Well if you use programmatic taxonomy models and item response theory and that thing at the bottom (we haven’t given that a name yet), what you figure out is: everything in education is correlated to everything else down to the concept.

underlyingscience

 

Now this is where education’s different from search or social networking. If someone tagged every single line, every single sentence of all the world’s web pages for Google, or every single line of dialogue from Netflix, which no one’s done, but even if they had they’re not really a whole lot of interesting correlations there.

Everything in education is correlated to everything else. Every single concept is correlated in a predictable way to everything else using psychometrics right.

So if you do 10 minutes of work in Google you produce a dozen data points for Google. Because everything that we do is tagged at such a grandeur level if you do 10 minutes of work for Newton you cascade out lots and lots of other data, and here’s why. When you took the SAT there might be 40 different concepts about equilateral triangles that are tested on all the SATs ever given in any one year.

But you didn’t get all 40 questions you got two questions on equilateral triangles, because, they figure, if you’re in the Top 14th percentile at those two questions, 13th percentile on this one and 15th percentile on that one… If you’re in the Top 14th percentile on those two questions in equilateral triangles, the odds are a 98th percentile chance that you’re in the Top 14th percentile at every concept on equilateral triangles. And there’s a 96% chance that you’re in the Top 15th percentile at all triangle concepts, three, four five, 30, 60, 90, isosceles, etc., etc.

You did a little bit of work for Newton and we used just established signs of psychometrics to cascade out hundreds of other data.

So we can produce incredible quantities of data per user, per day.

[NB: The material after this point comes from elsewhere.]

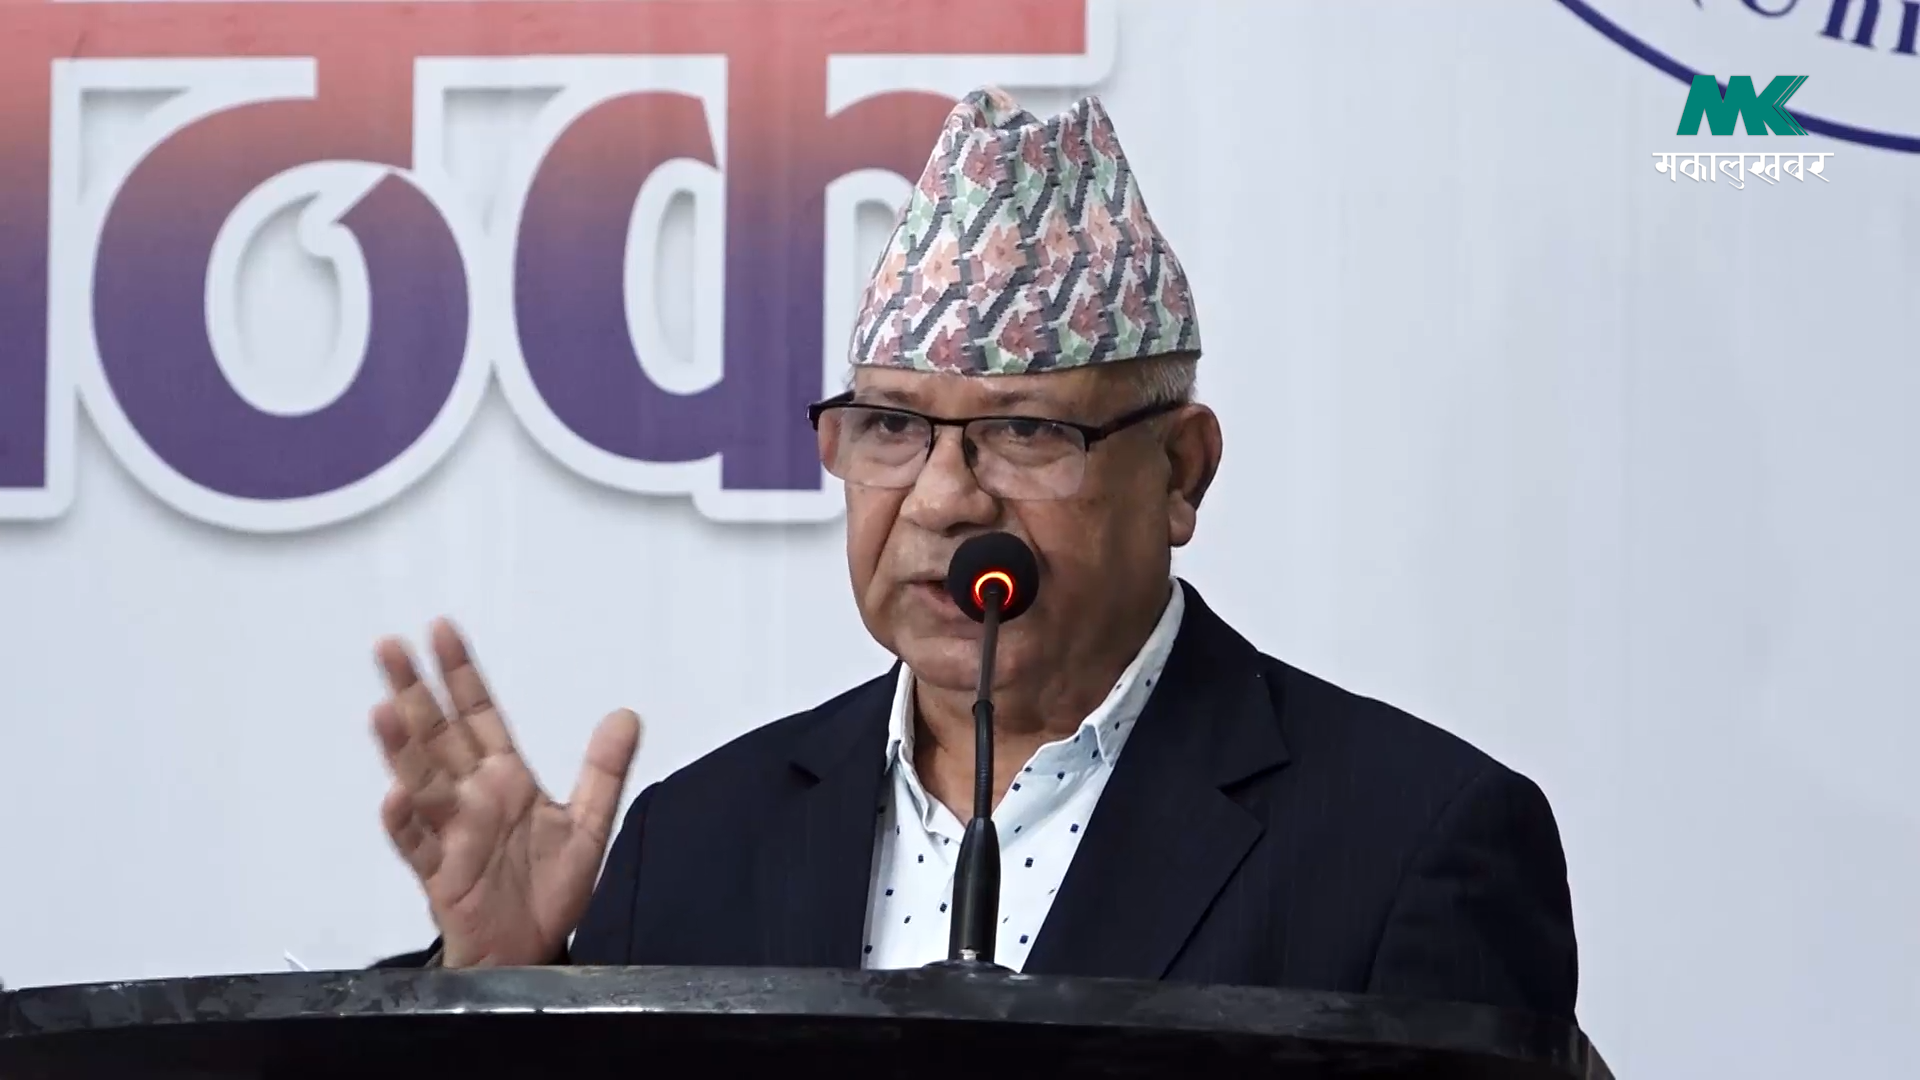 गण्डकीमा एकीकृत समाजवादीलाई मन्त्रिपरिषद्मा सहभागी गराउने सहमति पालना भएन : अध्यक्ष नेपाल

It’s really, really hard to get that, okay? But, if you can get all that tagging done…

({refers to slide} …and that’s one of our tags. That’s a small part of our overall taxonomy. That’s just part of one course and we have dozens of taxonomies), then you can do this.

Granular understanding

 

What you can do with the data, if you actually do all that work, is you can figure out exactly what students know and how well they know it. You can figure it out down to the percentile versus the rest of the population.

So, Newton students today: we have about 180,000 right now, by December it’ll be 650,000, early next year it’ll be in the millions and the next year it’ll be closer to 10 million, and that’s just through our Pearson partnership.

So for every one of the students, we can figure out, within a few hours, what they’re strong at and what they’re weak at, at the beginning of the course. So we can produce a unique syllabus for each student each day, literally unique.

There’s not enough time in the universe for any two students to have the same syllabus on any one day, that’s how many there are. So it’s optimized for each kid down to the atomic concept. And then we can figure out things like well here’s your homework tomorrow night, you’re going to struggle with that homework or you’re going to fail it, because concepts in that homework that we know you haven’t mastered the previous concepts for that build up to that. Or there’s concepts in that homework that [inaudible 04:53] very highly concepts always have trouble with.

So we know you’re going to fail, we know it in advance and we can prevent it in advance. We go grab some content from somewhere else in the portfolio and going to seamlessly blend that into your homework tonight. So every kid gets a perfectly optimized textbook, except it’s also video and other rich media dynamically generated in real time. And it also uses the combined data power of the entire network. So here’s what I mean by that, like I said next year we’ll have close to 10 million students, a few years from now we’ll have a 100 million.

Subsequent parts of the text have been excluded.